HEATING POWER OF DIFFERENT KINDS OF FUEL.

Air-dry Wood 2800
Air-dry Peat25003000
Perfectly dry Wood3600
Perfectly dry Peat30004000
Air-dry Lignite or Brown Coal33004200
Perfectly dry Lignite or Brown Coal40005000
Bituminous Coal38007000
Anthracite7500
Wood Charcoal63007500
Coke65007600

4.—Modes of Burning Peat.

In the employment of peat fuel, regard must be had to its shape and bulk. Commonly, peat is cut or moulded into blocks or sods like bricks, which have a length of 8 to 18 inches; a breadth of 4 to 6 inches, and a thickness of 1-½ to 3 inches. Machine peat is sometimes formed into circular disks of 2 to 3 inches diameter, and 1 to 2 inches thickness and thereabouts. It is made also in the shape of balls of 2 to 3 inches diameter. Another form is that of thick-walled pipes, 2 to 3 inches in diameter, a foot or more long, and with a bore of one-half inch.

Flat blocks are apt to lie closely together in the fire, and obstruct the draft. A fire-place, constructed properly for burning them, should be shallow, not admitting of more than two or three layers being superposed. According to the bulkiness of the peat, the fire-place should be roomy, as regards length and breadth.

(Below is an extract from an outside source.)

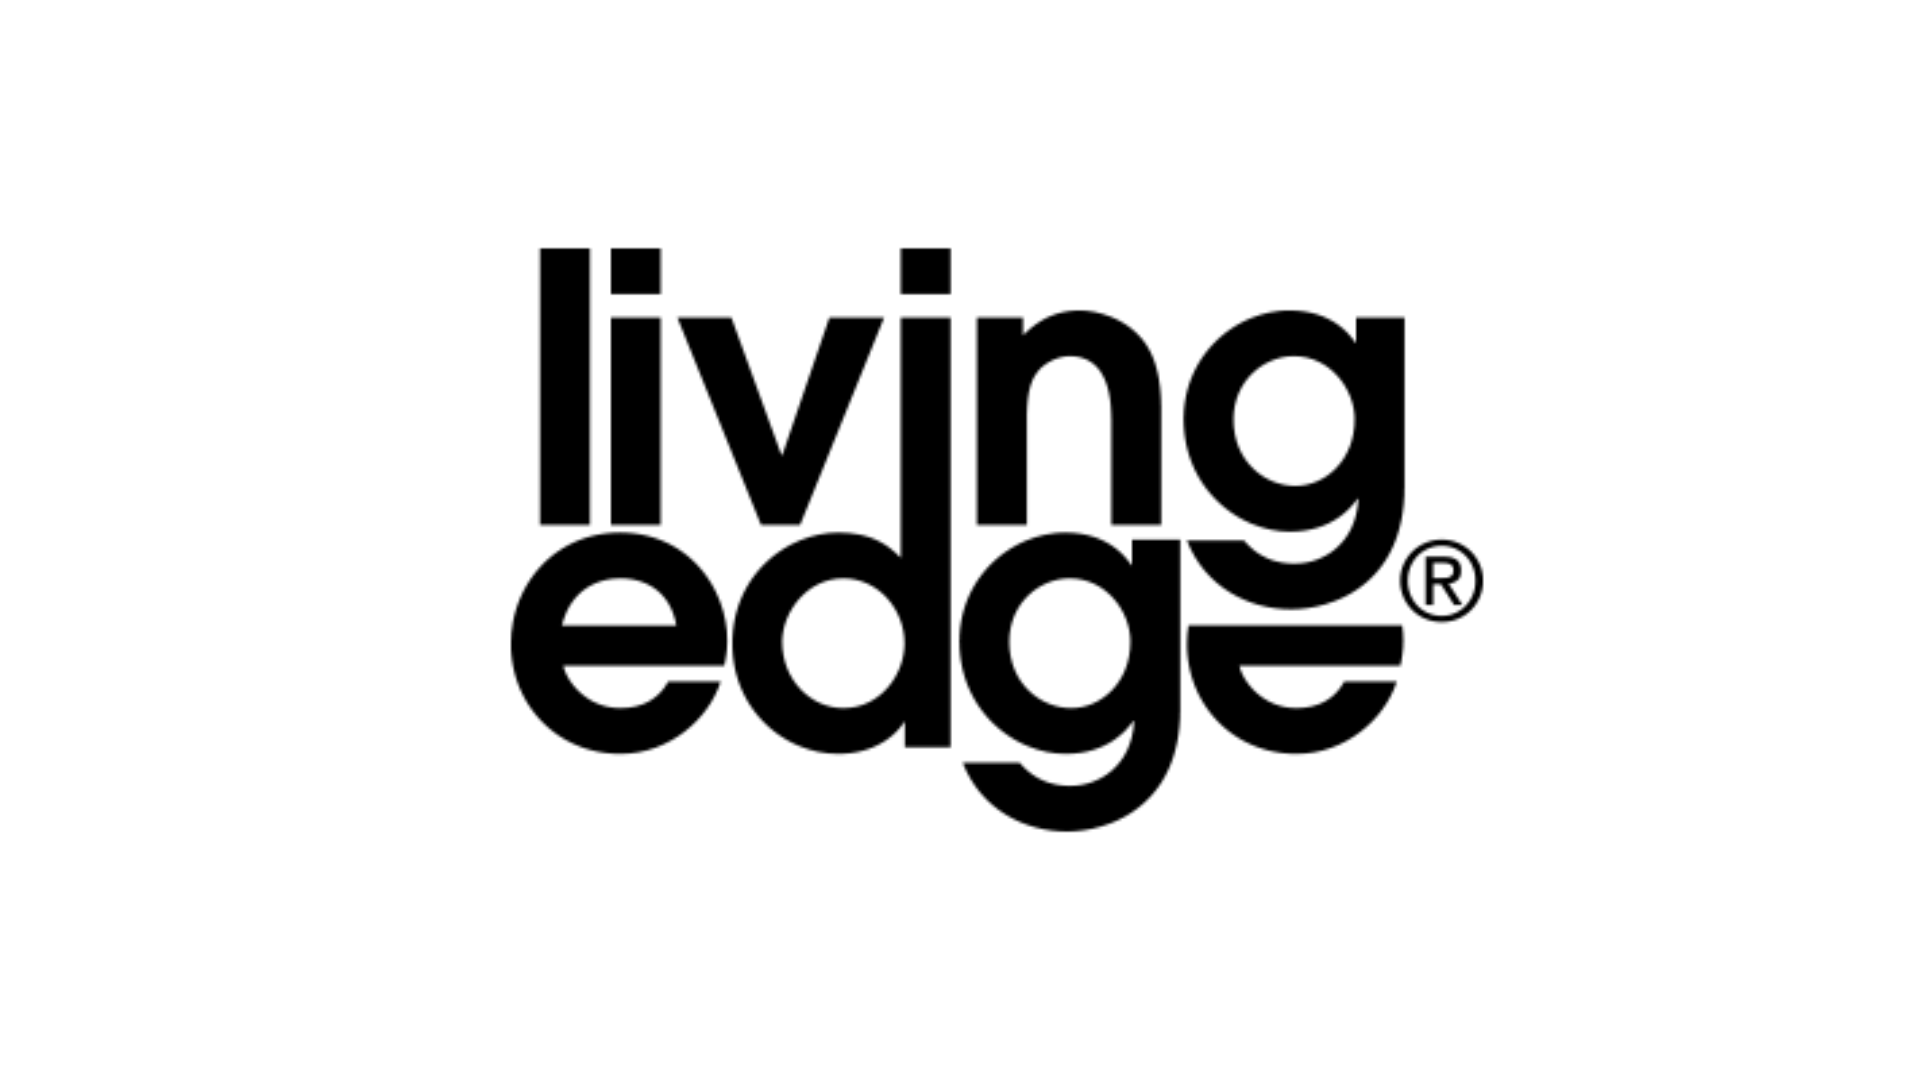 Get the Luxe Noir style with Living Edge

Fibrous and easily crumbling peat is usually burned upon a hearth, i. e. without a grate, either in stoves or open fire-places. Dense peat burns best upon a grate, the bars of which should be thin and near together, so that the air have access to every part of the fuel. The denser and tougher the peat, and the more its shape corresponds with that usual to coal, the better is it adapted for use in our ordinary coal stoves and furnaces.

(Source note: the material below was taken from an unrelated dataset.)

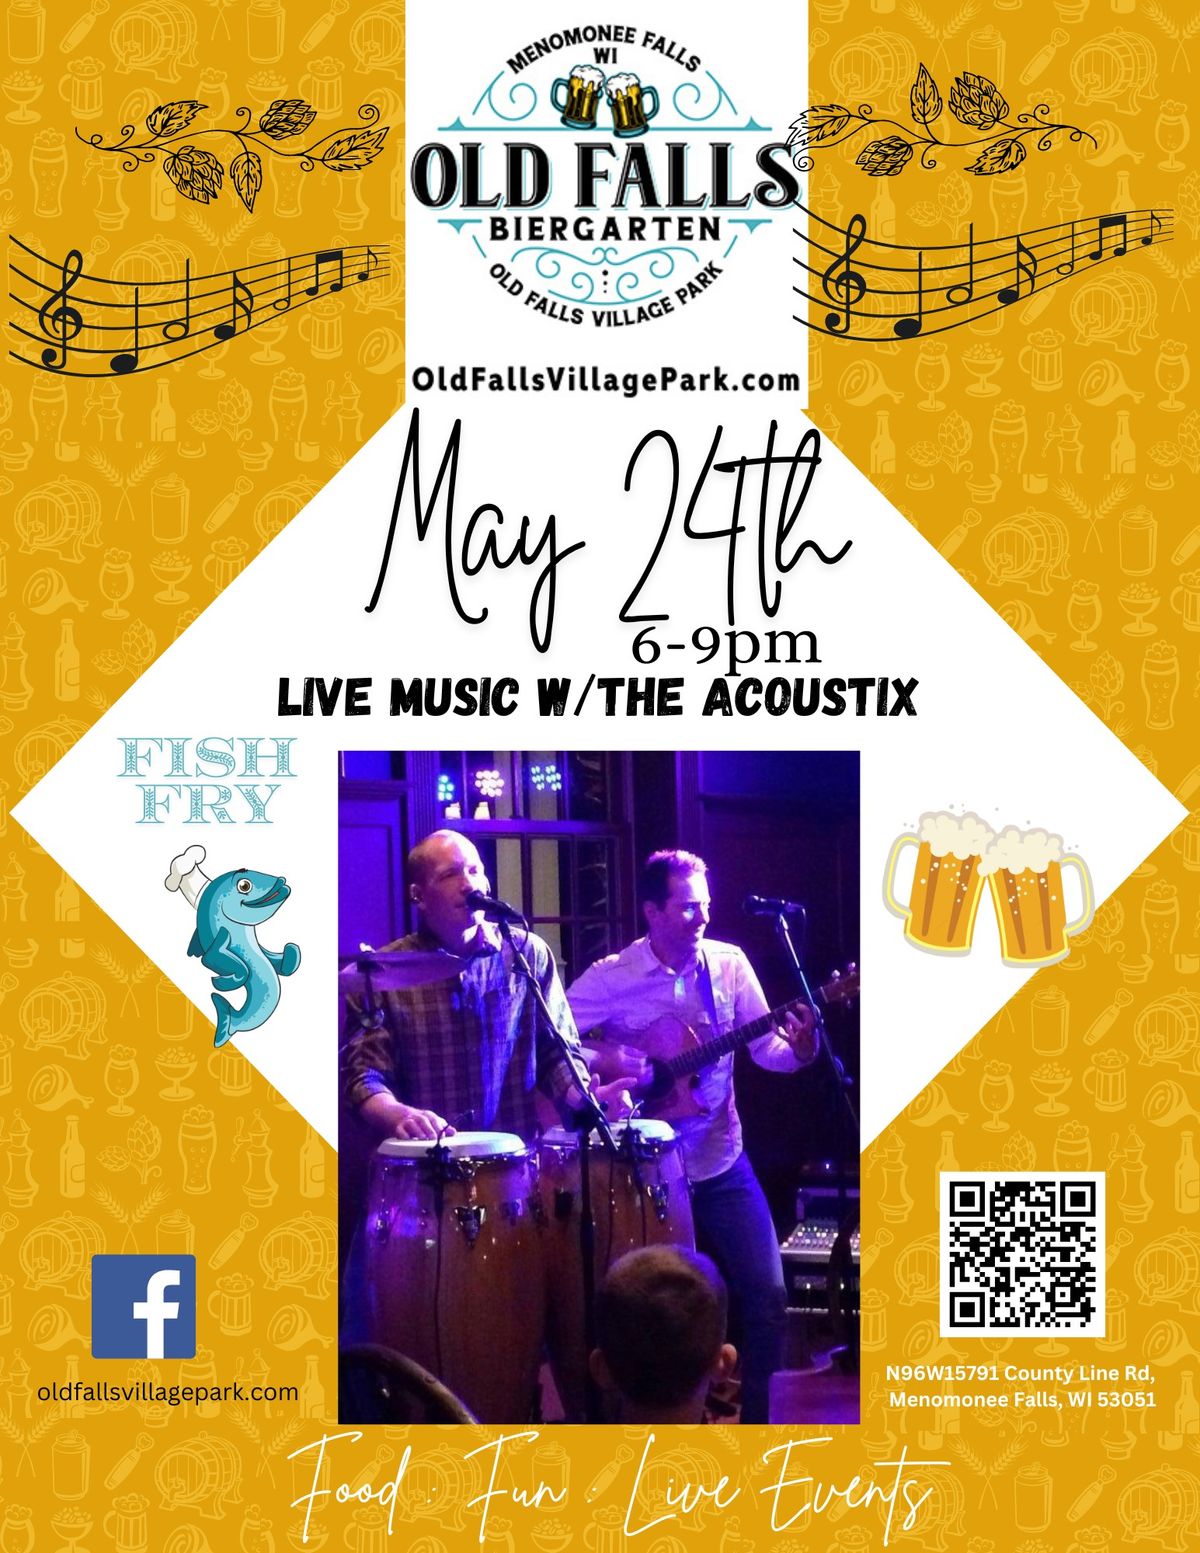 Live music at the Old Falls Biergarten with The Acoustix

5.—Burning of broken peat.

Fig. 1.—STAIR GRATE.

Broken peat—the fragments and waste of the cut or moulded blocks, and peat as obtained by plowing and harrowing the surface of drained peat-beds—may be used to advantage in the stair grate, fig. 1, which was introduced some years ago in Austria, and is adapted exclusively for burning finely divided fuel. It consists of a series of thin iron bars 3 to 4 inches wide, a, a, a, ... which are arranged above each other like steps, as shown in the figure. They are usually half as long as the grate is wide, and are supported at each end by two side pieces or walls, l. Below, the grate is closed by a heavy iron plate. The fuel is placed in the hopper A, which is kept filled, and from which it falls down the incline as rapidly as it is consumed. The air enters from the space G, and is regulated by doors, not shown in the cut, which open into it. The masonry is supported at u, by a hollow iron beam. Below, a lateral opening serves for clearing out the ashes. The effect of the fire depends upon the width of the throat of the hopper at u, which regulates the supply of fuel to the grate, and upon the inclination of the latter. The throat is usually from 6 to 8 inches wide, according to the nature of the fuel. The inclination of the grate is 40 to 45° and, in general, should be that which is assumed by the sides of a pile of the fuel to be burned, when it is thrown up into a heap. This grate ensures complete combustion of fuel that would fall through ordinary grates, and that would merely smoulder upon a hearth. The fire admits of easy regulation, the ashes may be removed and the fuel may be supplied without checking the fire. Not only broken peat, but coal dust, saw dust, wood turnings and the like may be burned on this grate. The figure represents it as adapted to a steam boiler.